They may well do, if the OS is badly-designed unough to be waving
dangerous exploitable surfaces at the world.
For example, as a stand-alone user who merely "consumes" the Internet,
I have absolutely no desire to let any other system to remotely call
procedures on my PC. Yet the OS waves the Remote Procedure Call
service at the Internet, and this cannot be turned off because the OS
is designed in such a way that it "needs" RPC to find its own ass.
So even though I don't need or want the RPC service, I have to patch
defects in it, else I'm at risk. And again, for autorunning macros in
Office "data files". And for hidden admin shares that expose the
startup axis of my PC, so dropped code can run on next boot. Etc.
Also, remember; raw code defects are insane - what happens as a result
of these defects bears to relation to what the code is supposed to do.
Think about that. Need pysical access? That's fine, I'd be comfy
with that. Needs "admin rights"? That's not fine at all, as there
are plenty of ways to gain those. What did you "secure your system"
with; more soggy code that's likely to be as defect-ridden as this
particular hole in the collinder you are currently evaluating?
Think about the logic:
- patch every month, because your code base has hidden defects
- trust patches to be defect-free, even if written by the same folks
It would be interesting to compare the cumulative volume of patches
pushed into your PC, with the total volume of code that is being
patched - especially when you apply the "10% of the code runs 90% of
the time" weighting factor. Then, look at how many successive
revisions are applied to the same problematic code items.

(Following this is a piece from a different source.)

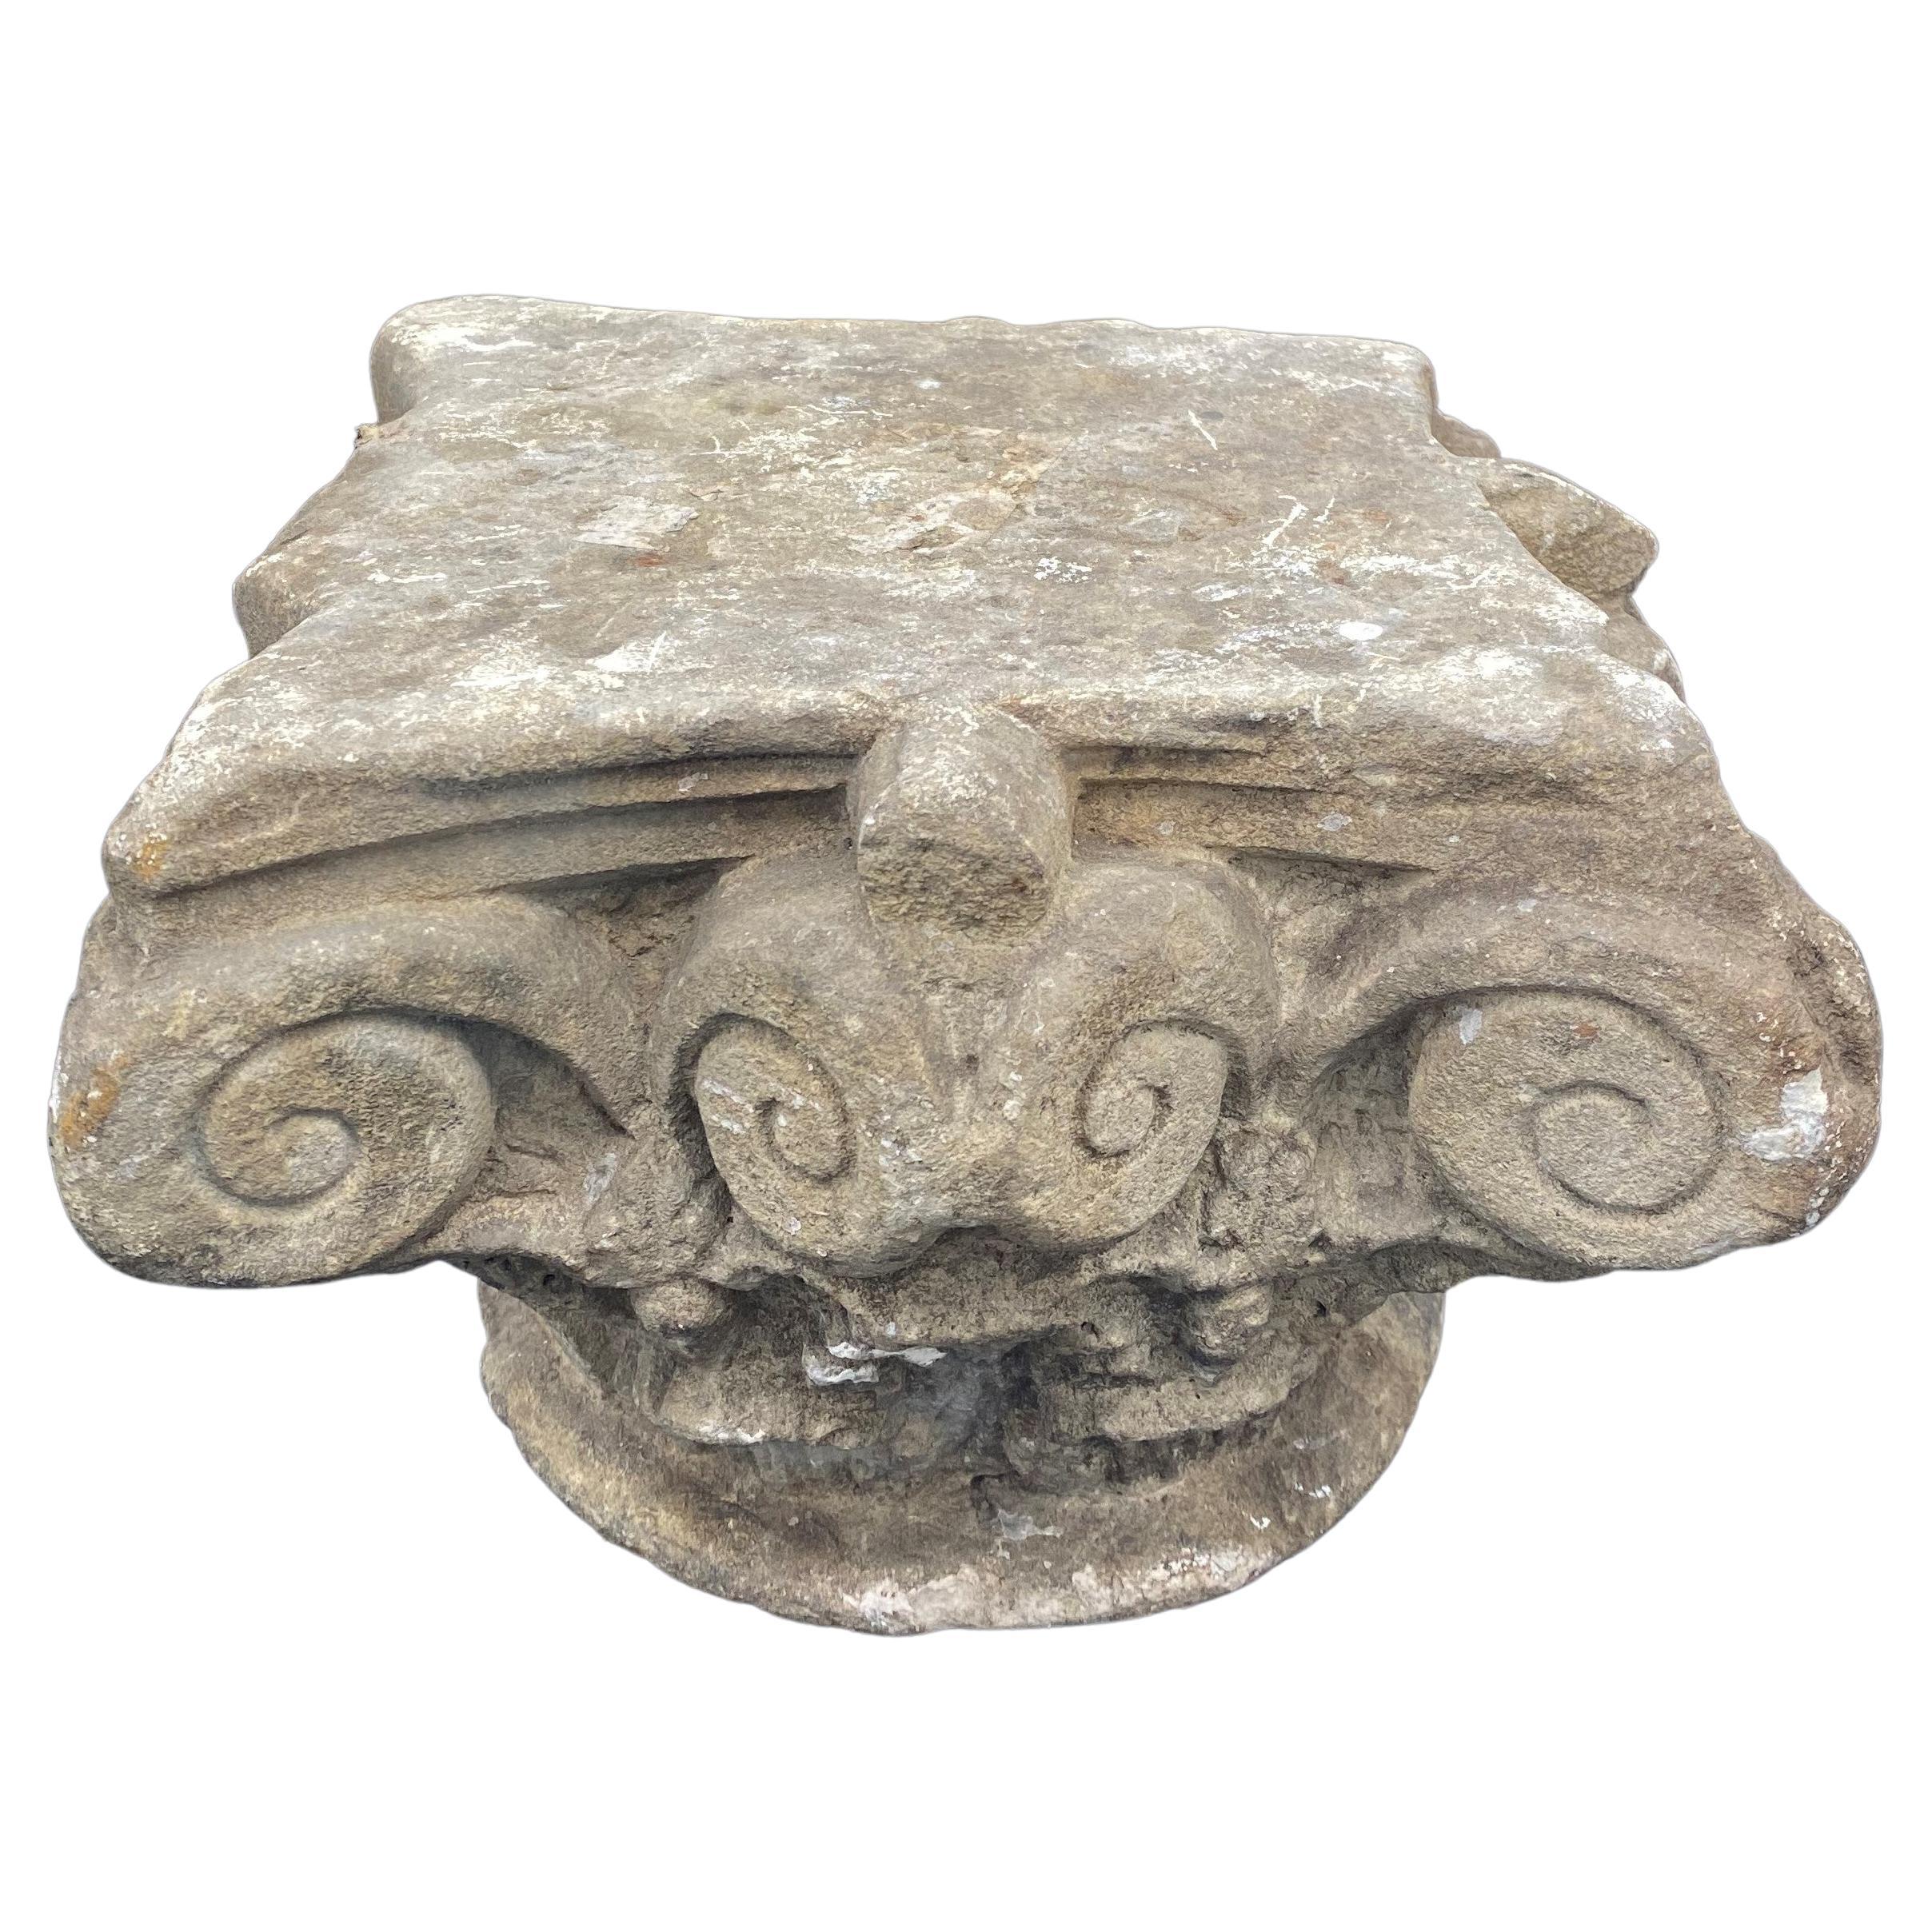 Beautiful antique capital carved in a 12th century limestone. It is decorated with acanthus leaves, as required by the Corinthian architectural traditions.

So already, you can predict that bad patches are almost inevitable.
After all, the code they are fixing was thought to be fit for use, so
the assertion that the patches have been tested etc. is meaningless.
Now consider how original code is developed and deployed, vs. patches.
The original code base was developed in controlled circumstances, with
plenty of time for in-house testing, private beta testing, and then
broad public beta testing. It's deployed in controlled circumstances
too; as a fresh installation, onto which other code is added. If
something is added that conflicts with the OS, this generally comes to
light, and you'd uninstall the new addition.
The patches are developed in response to a newly-discovered potential
crisis; sometimes after there is exploit code in the wild. How much
time is there for testing, before having to rush that code out the
door? Next, consider the deployment; this new code is retrofitted
into disparate "live" installations that have diverged from the
initial predictable fresh install state. Can one be sure that the
code will work properly across all possible permutations?
Malware outbreaks and bad patches have the same red-letter impact on
IT, especially in consumerland - they can trigger an urgent need for
assistance across a large chunk of your client base at the same time,
making it impossible to resource these support needs. The more
efficient the patching process, the more clients are hit within a
shorter time-span, with less likelyhood of anyone having a clue as to
what's wrong. This is the hidden bulk of the "just patch" iceberg.
Well, that's the lesson; if all code can contain defects, any code
represents a potential attack surface. MS has yet to rigorously apply
that lesson, i.e. reduce the surfaces waved at external material. We
still see gratuitous handling of external material that was not
explicitly initiated by the user, and so far more crises than need be.
1) Privacy rests on security
2) Security rests on safety
3) Safety rests on sanity
Privacy is the promise you make about how you will manage data.
But if your security is breached, it's not your privacy policy
anymore, because you are no longer the only entity managing that data.
Security is restricting activities to those entities that can be
trusted to perform them, e.g. employees who will behave in ways that
are in keeping with your organizational policy.
But if your employees' actions have consequences contrary to their
intentions (i.e. safety failure), then it's no longer secure simply to
ensure only those employees are involved. Through no fault of their
own, their behavior can no longer be trusted to reflect that of the
organisation, if malware exploits safety failure opportunities.
Safety is a matter of designing code so that the worst the user thinks
can happen, is the worst that can happen. If I have to assess an
incoming attachment, I might take the mild risk of "reading a data
file" but decline the greater risk of "running a program". If the
systrem is so unsafe that I can't tell whether a file is data or code,
or a code file can present itself as a data file, or the OS runs raw
code within what is supposed to be a data file, then I have no control
over consequences. Windows failures abound at all three points.
So safe design is a must, but is meaningless if the code is insane.
For example, if the code that handles a JPEG file doesn't sanity-check
the length of content before copying it into a buffer, so that
"malformed" content overwrites code following the buffer, then the
behavior of that code is no longer limited to design intentions. My
malformed "data" content may now be run as raw code, and that code can
do anything. Any safety assumptions are now meaningless.
-- Risk Management is the clue that asks:
"Why do I keep open buckets of petrol next to all the
ashtrays in the lounge, when I don't even have a car?"